Entenza J M, Marchetti O, Glauser M P, Moreillon P
Division of Infectious Diseases, Department of Internal Medicine, Centre Hospitalier Universitaire Vaudois, 1011 Lausanne, Switzerland.
Antimicrob Agents Chemother. 1998 Aug;42(8):1889-94. doi: 10.1128/AAC.42.8.1889.
Y-688 is a new fluoroquinolone with increased activity against ciprofloxacin-resistant staphylococci. The MICs of Y-688 and other quinolones were determined for 58 isolates of ciprofloxacin-resistant and methicillin-resistant Staphylococcus aureus (MRSA). The MICs at which 50% and 90% of bacteria were inhibited were >/=128 and >/=128 mg/liter, respectively, for ciprofloxacin, 16 and 32 mg/liter, respectively, for sparfloxacin, and 0.25 and 1 mg/liter, respectively, for Y-688. This new quinolone was further tested in rats with experimental endocarditis due to either of two isolates of ciprofloxacin-resistant MRSA (namely, P8/128 and CR1). Infected animals were treated for 3 days with ciprofloxacin, vancomycin, or Y-688. Antibiotics were administered through a computerized pump to simulate human-like pharmacokinetics in the serum of rats. The anticipated peak and trough levels of Y-688 were 4 and 1 mg/liter at 0.5 and 12 h, respectively.
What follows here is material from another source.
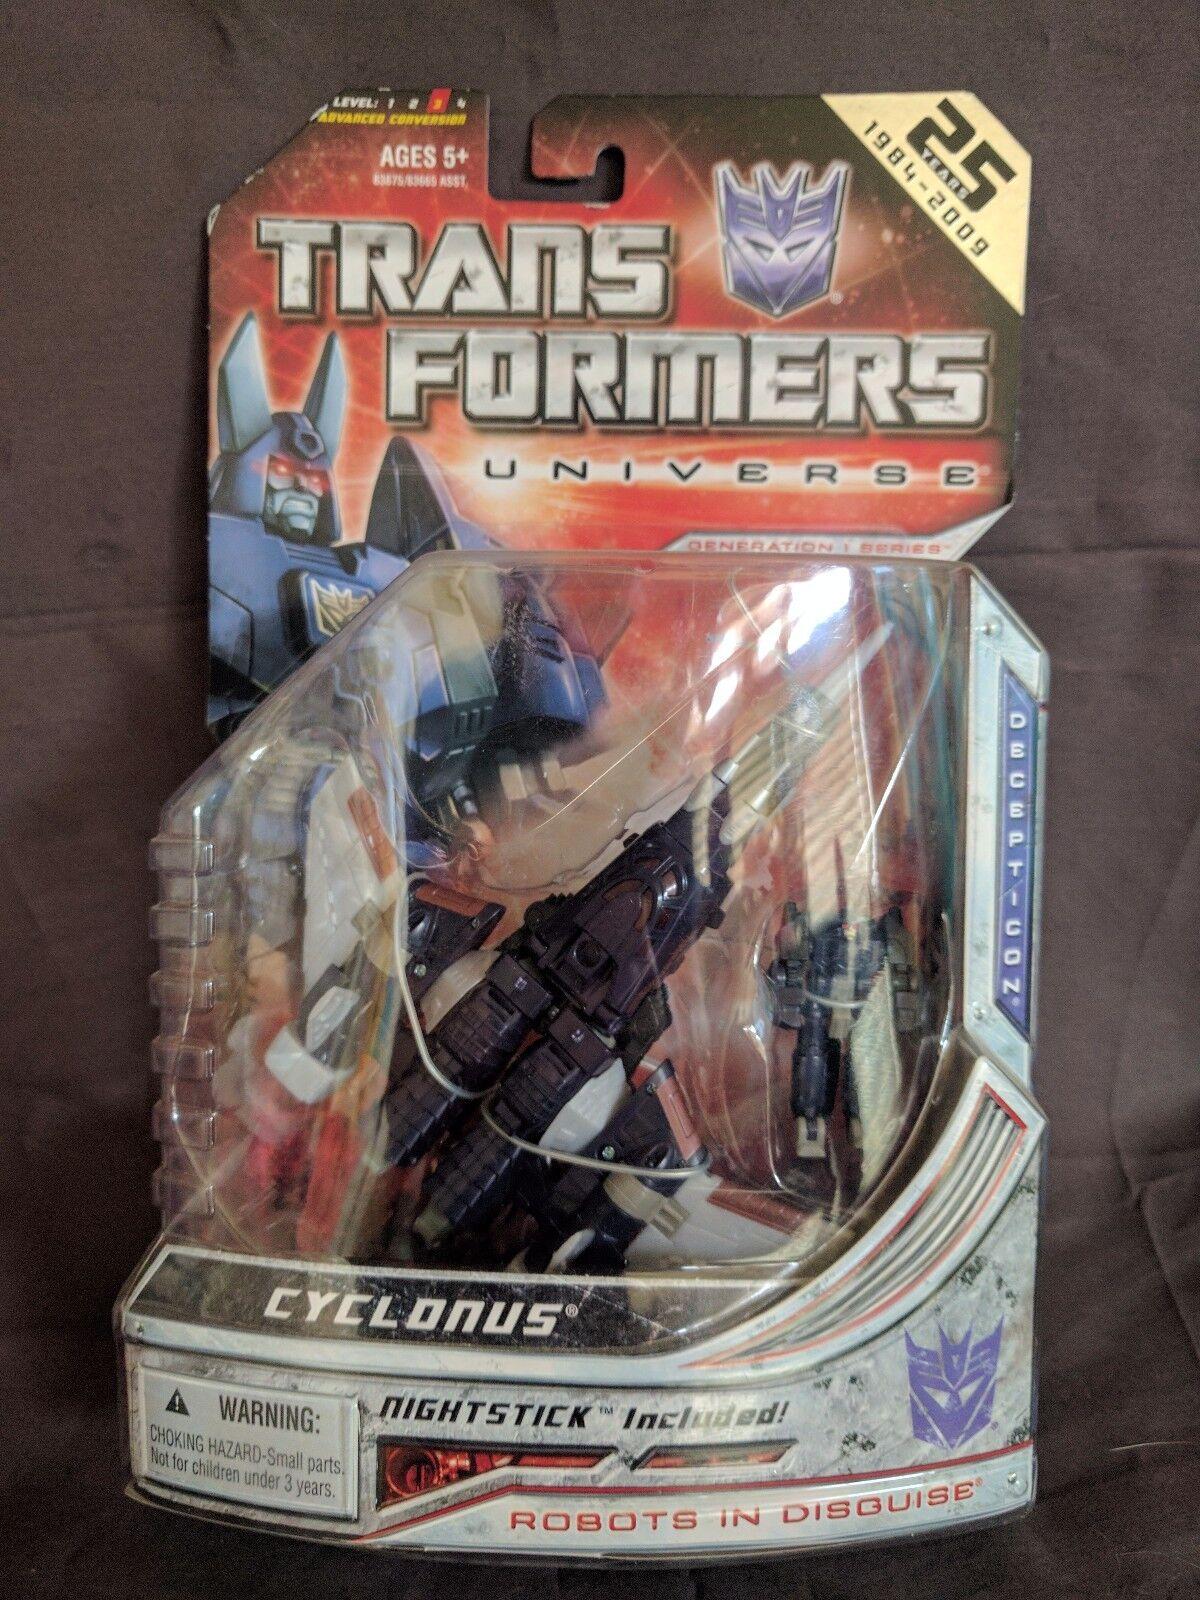 MISB 25 year Anniversary edizione Transformers Universe CYCLONUS Generation 1

Treatment with ciprofloxacin was ineffective. Vancomycin significantly decreased vegetation bacterial counts for both organisms (P less, similar 0.05). In contrast, Y-688 only marginally decreased vegetation bacterial counts (P greater, similar 0.05). Moreover, several vegetation that failed Y-688 treatment grew staphylococci for which the MICs of the test antibiotic were increased two to eight times. Y-688 also selected for resistance in vitro, and isolates for which the MICs were increased eight times emerged at a frequency of ca. 10(-8). Thus, in spite of its low MIC for ciprofloxacin-resistant MRSA, Y-688 failed in vivo and its use carried the risk of resistance selection. The fact that ciprofloxacin-resistant staphylococci became rapidly resistant to this potent new drug suggests that the treatment of ciprofloxacin-resistant MRSA with new quinolones might be more problematic than expected.
Y - 688是一种新型氟喹诺酮类药物,对耐环丙沙星葡萄球菌的活性增强。测定了Y - 688和其他喹诺酮类药物对58株耐环丙沙星和耐甲氧西林金黄色葡萄球菌(MRSA)的最低抑菌浓度(MIC)。环丙沙星抑制50%和90%细菌生长的MIC分别≥128和≥128毫克/升,司帕沙星分别为16和32毫克/升,Y - 688分别为0.25和1毫克/升。用两种耐环丙沙星MRSA菌株(即P8/128和CR1)之一导致的实验性心内膜炎大鼠对这种新型喹诺酮类药物进行了进一步测试。感染动物用环丙沙星、万古霉素或Y - 688治疗3天。通过计算机控制的泵给药抗生素,以模拟大鼠血清中类似人体的药代动力学。Y - 688预期的峰浓度和谷浓度分别在0.5小时和12小时时为4毫克/升和1毫克/升。环丙沙星治疗无效。万古霉素显著降低了两种菌株的赘生物细菌计数(P<0.05)。相比之下,Y - 688仅略微降低了赘生物细菌计数(P>0.05)。此外,几种Y - 688治疗失败的赘生物中生长出的葡萄球菌对测试抗生素的MIC增加了2至8倍。Y - 688在体外也会导致耐药性产生,MIC增加8倍的分离株出现频率约为10⁻⁸。因此,尽管Y - 688对耐环丙沙星MRSA的MIC较低,但它在体内治疗失败,且使用它有产生耐药性的风险。耐环丙沙星葡萄球菌对这种强效新药迅速产生耐药性这一事实表明,用新型喹诺酮类药物治疗耐环丙沙星MRSA可能比预期更成问题。